Nvidia Unveils AI Model That Modifies Voices, Generates Novel Sounds

Nvidia’s Fugatto: Nvidia on Monday revealed a new AI model for generating music and audio that can modify voices and generate novel sounds – technology aimed at the producers of music, films and video games.

Nvidia’s Fugatto Modify Sounds

The tool, called Fugatto, is capable of generating music, sounds, and speech using text and audio inputs it’s never been trained on.

According to Nvidia, it can create a music snippet based on a text prompt, remove or add instruments from an existing song, change the accent or emotion in a voice — even let people produce sounds never heard before.
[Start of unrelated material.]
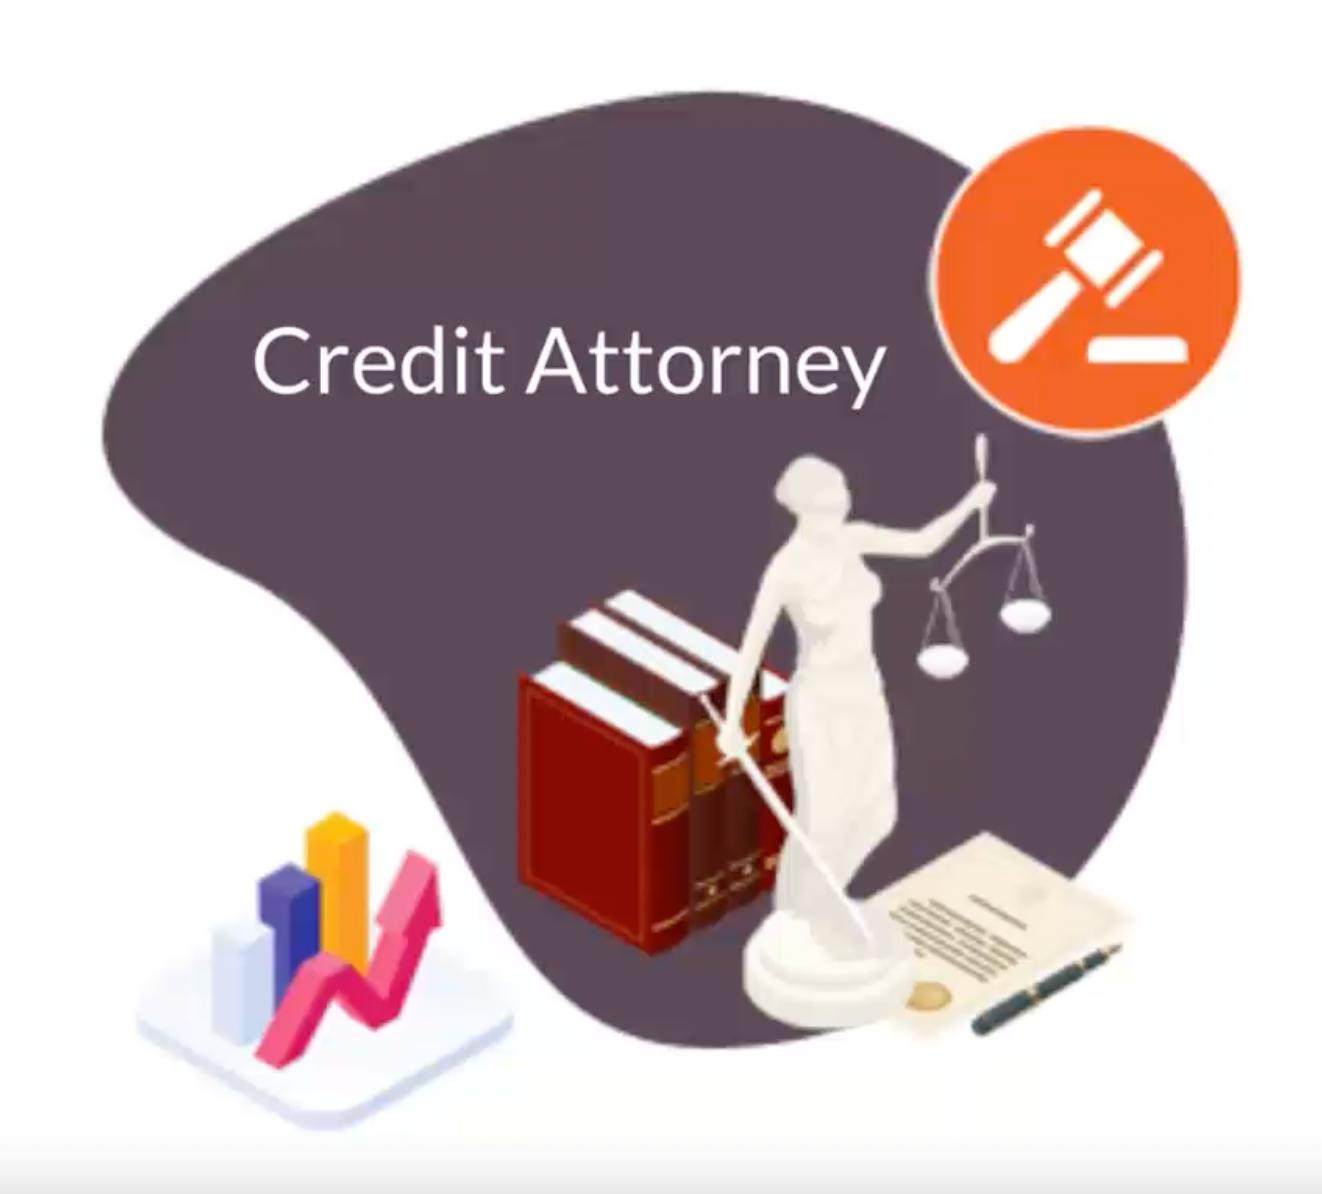 Credit Attorney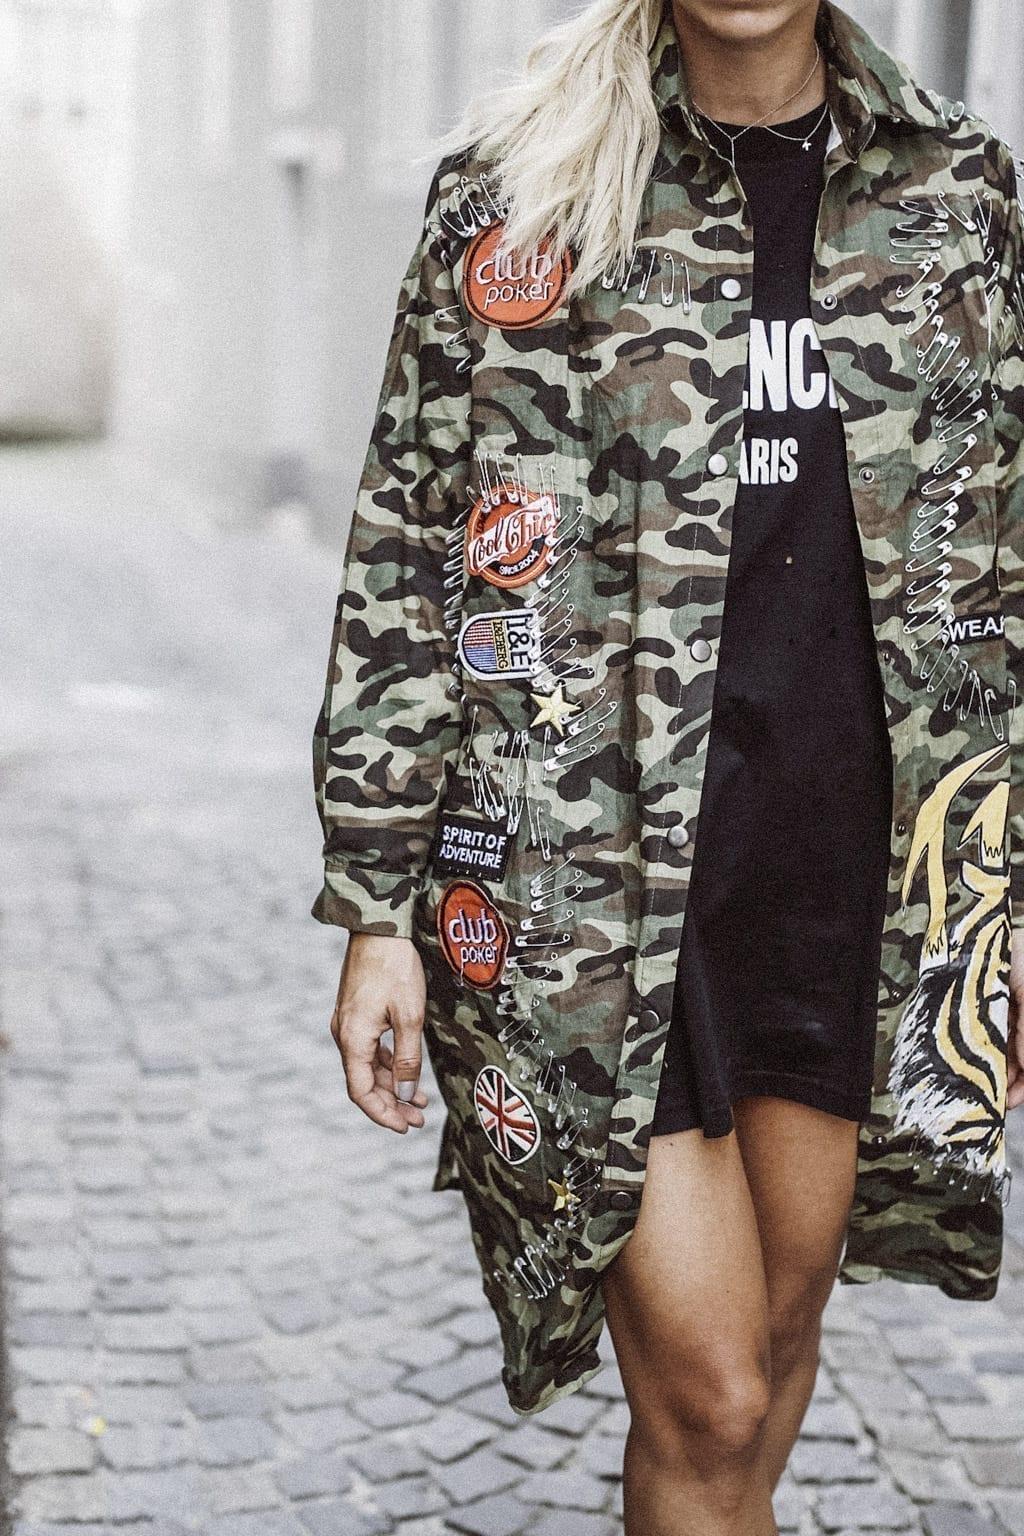 CK-1606_salzburg-fashion-street-style-look-magazine-karin-kaswurm-electric-love-2016-festival-camouflage-military-jacket-8962

Also Read: Nvidia Faces US Antitrust Probe After Rivals Complaint

Unique Properties of Fugatto

What makes Fugatto different from other AI technologies is its ability to take in and modify existing audio. For example by taking a line played on a piano and transforming it into a line sung by a human voice, or by taking a spoken word recording and changing the accent used and the mood expressed.

According to Reuters, “If we think about synthetic audio over the past 50 years, music sounds different now because of computers, because of synthesizers,” said Bryan Catanzaro, vice president of applied deep learning research at Nvidia.

“I think that generative AI is going to bring new capabilities to music, to video games and to ordinary folks that want to create things.”

Nvidia’s new model was trained on open-source data, and the company said it is still debating whether and how to release it publicly.